* **What the task requires**:
Find "Episode 5 - Buddy Bidders's podcast" in the listing below, then set down only that line and each later line, unchanged, leaving out pictures.

* **Information shown**:
::::::::
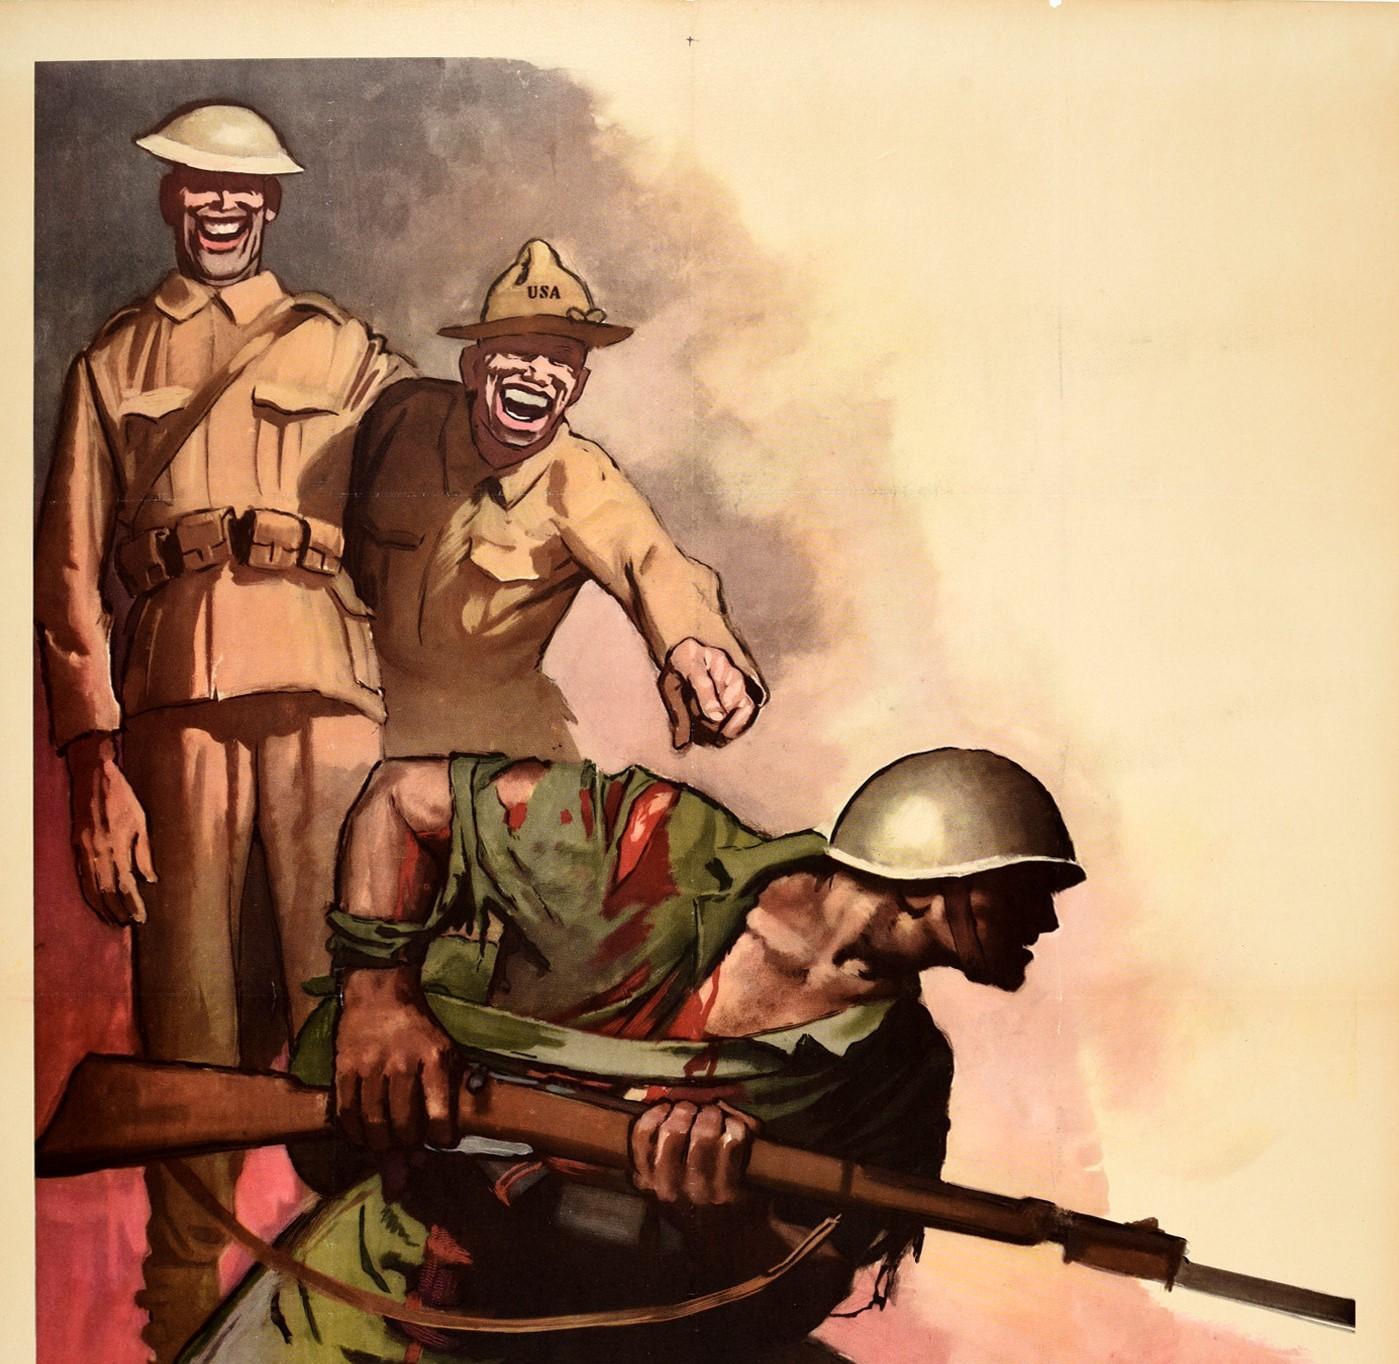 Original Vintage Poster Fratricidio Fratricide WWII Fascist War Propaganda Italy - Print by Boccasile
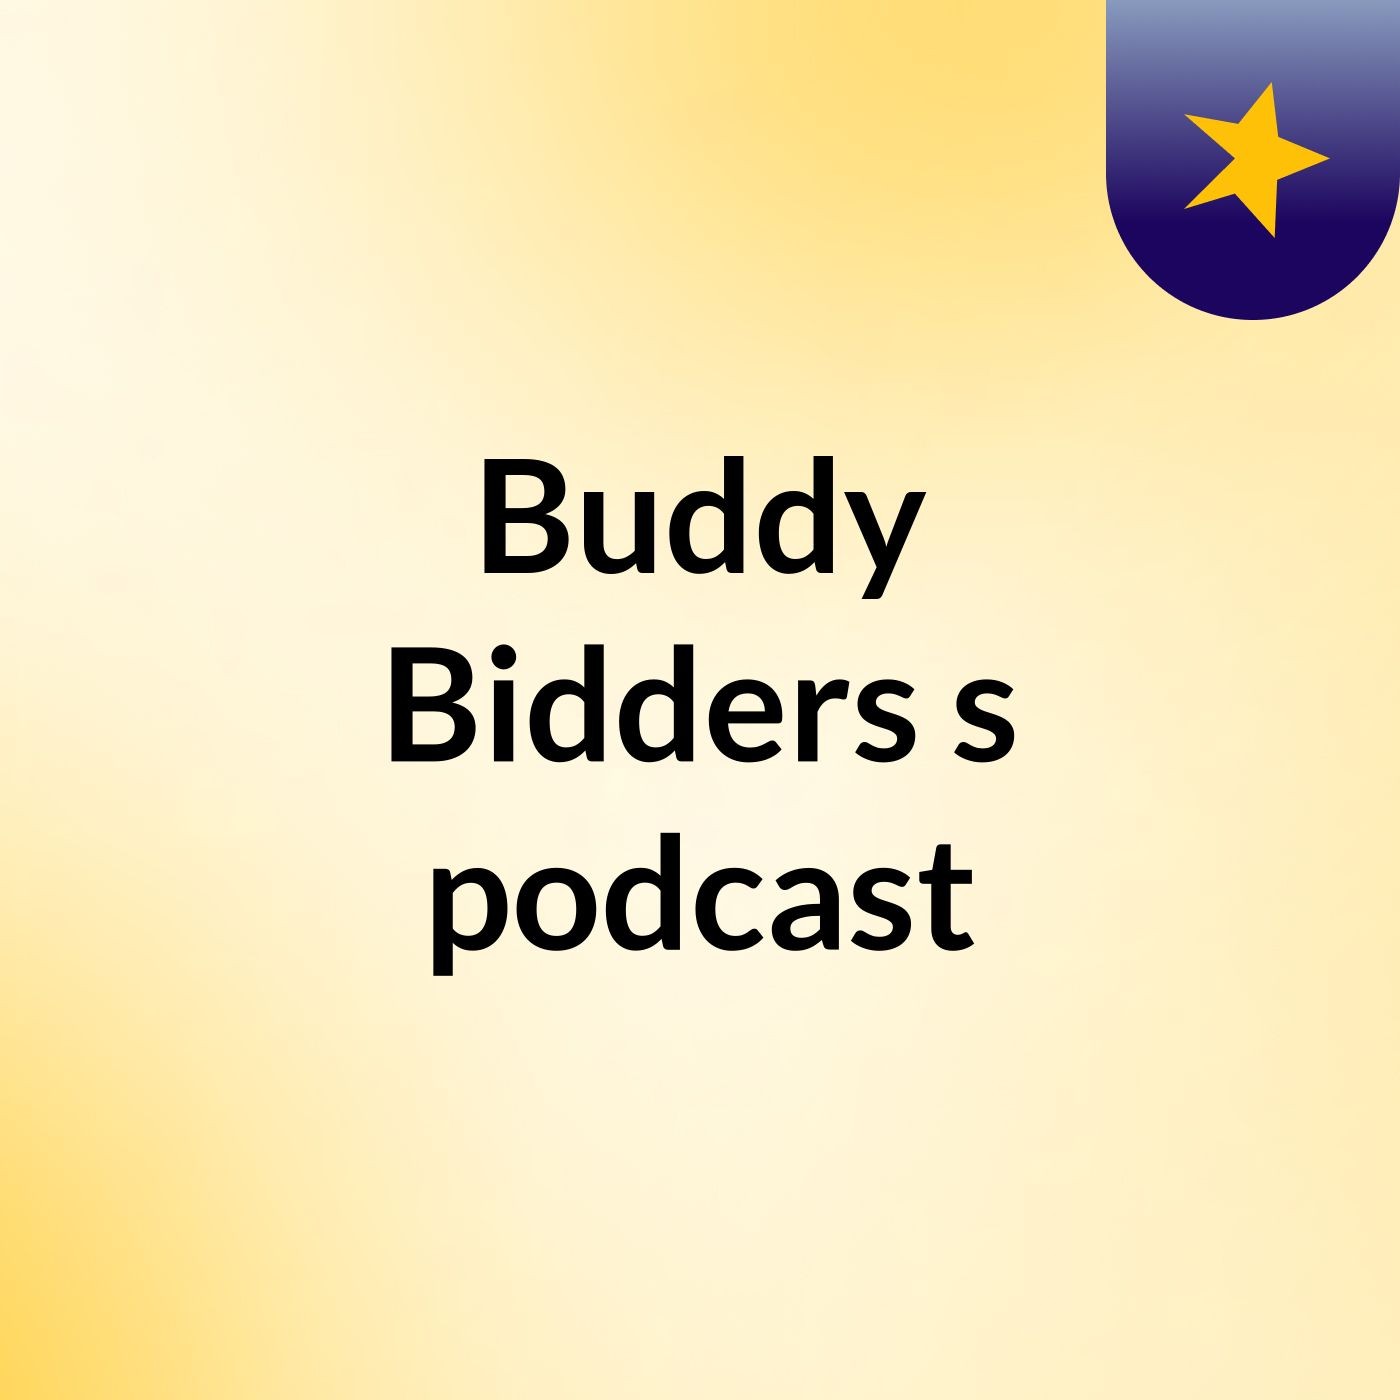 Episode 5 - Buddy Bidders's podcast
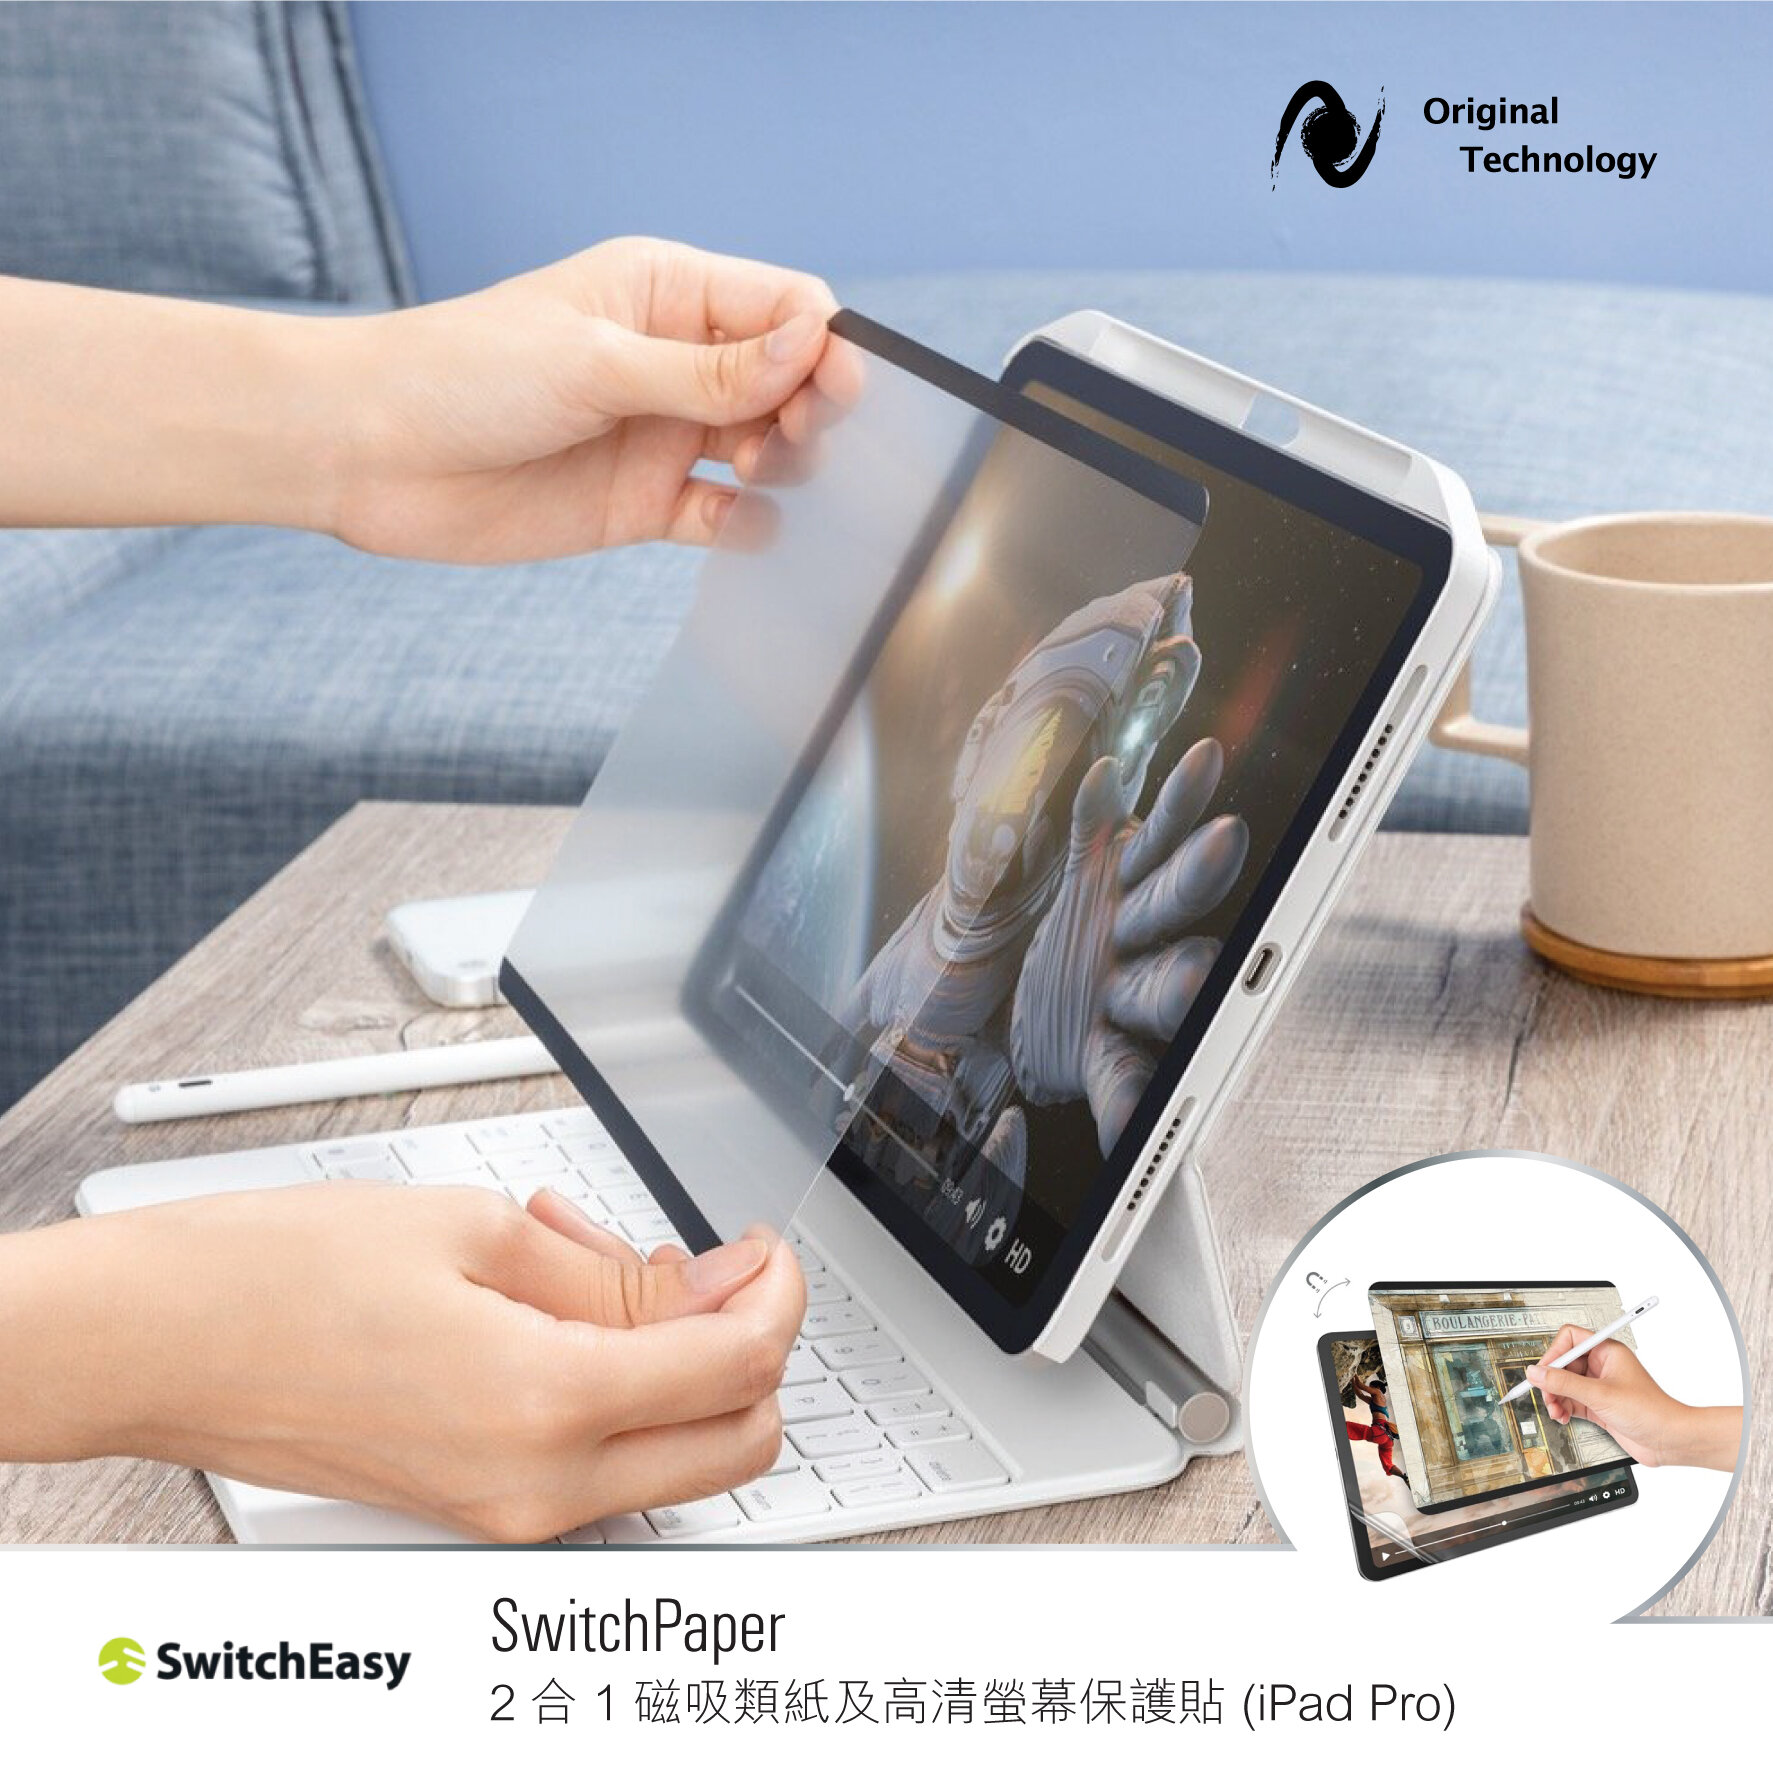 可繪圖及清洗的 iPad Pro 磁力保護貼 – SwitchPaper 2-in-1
::::::::
* **Your response**:
 Episode 5 - Buddy Bidders's podcast
 可繪圖及清洗的 iPad Pro 磁力保護貼 – SwitchPaper 2-in-1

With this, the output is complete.